Poniatoff was the head of Ampex in 1956, and he tasked Charles Ginsburg with developing the new tape based recording format. The mention of Bing Crosby is a reference to the fact that Crosby’s company was trying to use magnetic tape to record video. Their first effort was far too grainy, but their second iteration was a big improvement, though still not practical.

The hot kine stuff is pretty self-explanatory. They did use a 16 millimetre back up using reversal film, and I think I’m right in saying sometimes the film was still wet when it was bought back at the last minute for re-broadcast.

Dolby would be Ray Dolby, the 19 year old kid that Ginsburg turned to to solve the problems of massively fast tape. His solution was to use four recording heads, each spinning, so that the tape, which at speed was prone to catch fire, could move much slower.

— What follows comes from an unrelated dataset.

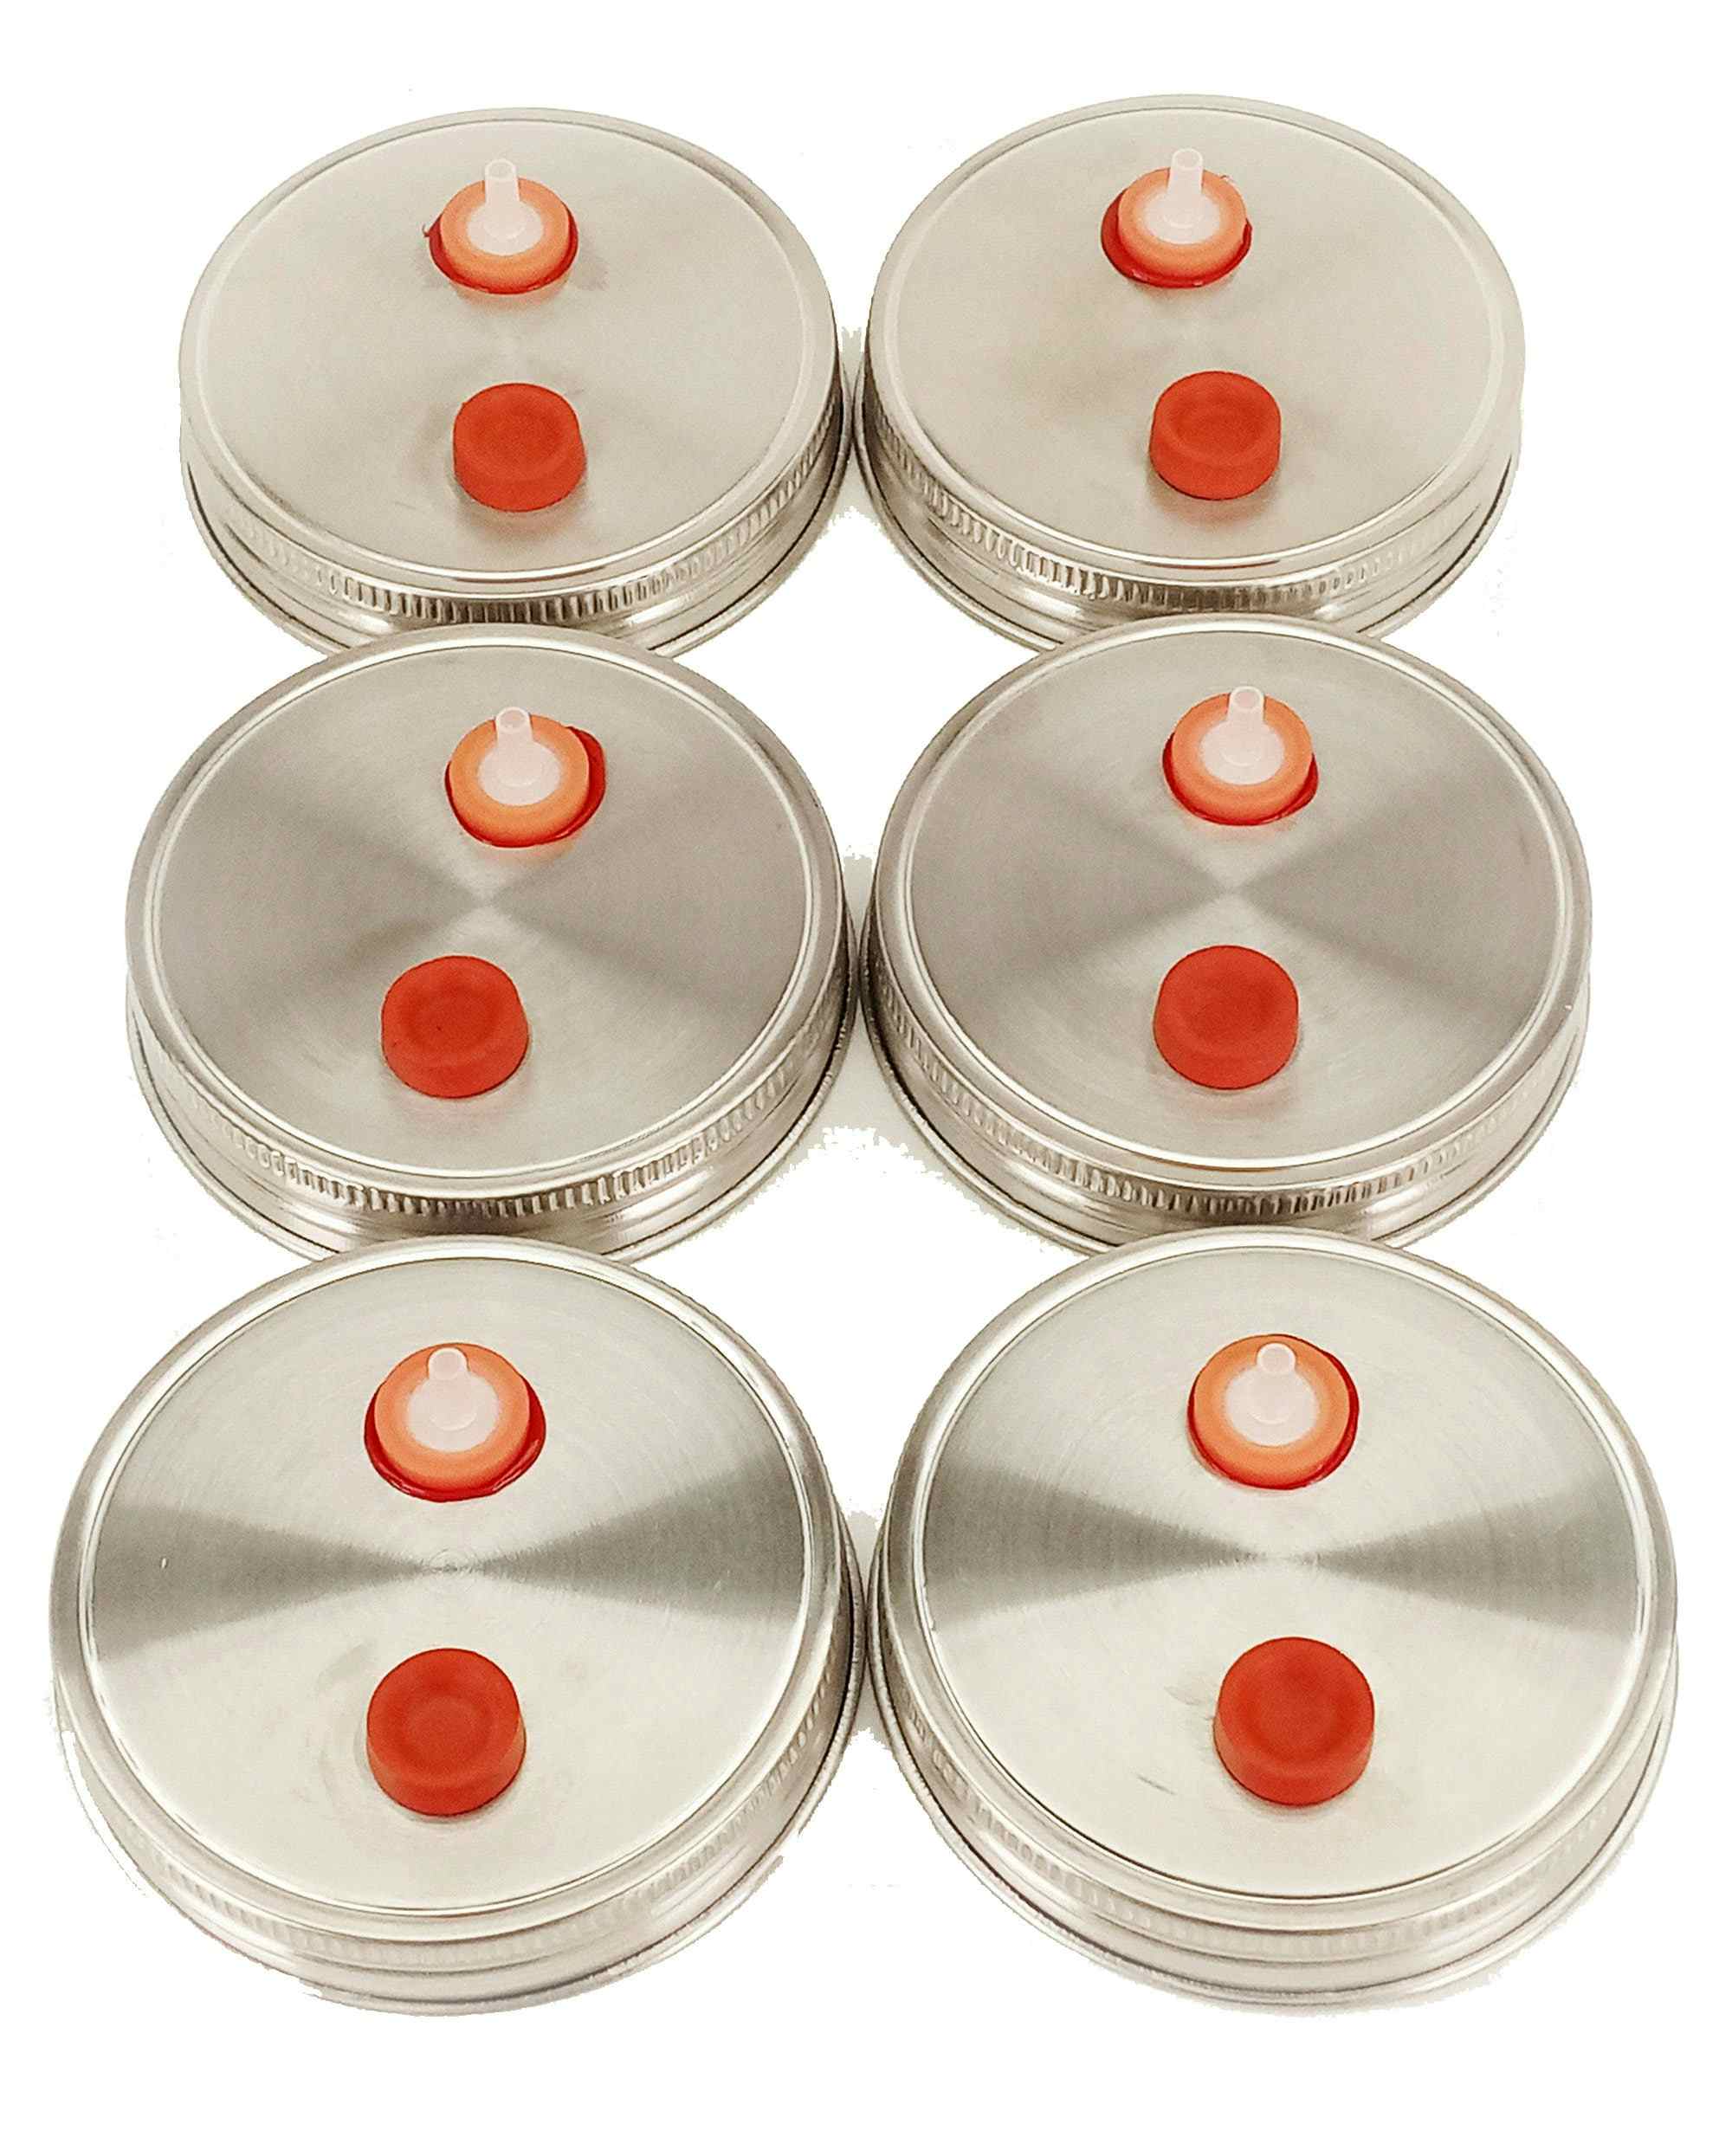 6 Stainless Steel Liquid Culture Jar Lids - AirPort Wide Mouth Metal Rust Proof

I have no idea why Ginsburg would have a toilet roll sitting on his desk.

Who’s Vera?

VERA was the Vision Electronic Recording Apparatus, and was being developed by the BBC under project manager Dr Peter Axon. They hadn’t thought about spinning the heads, and so had to use 20 inch tape at a speed of five metres per second just to get a 405 line black and white recording, let alone the PAL standard of 625 lines. Her tapes managed to capture just fifteen minutes of footage.

Here’s Richard Dimblebey conducting a live test of VERA on Panorama in April 1958.

But the Ampex solution was more elegant and practical, and so the BBC adopted that instead. The Ampex tapes could record up to an hour of video. Dolby went on to form the Dolby audio company.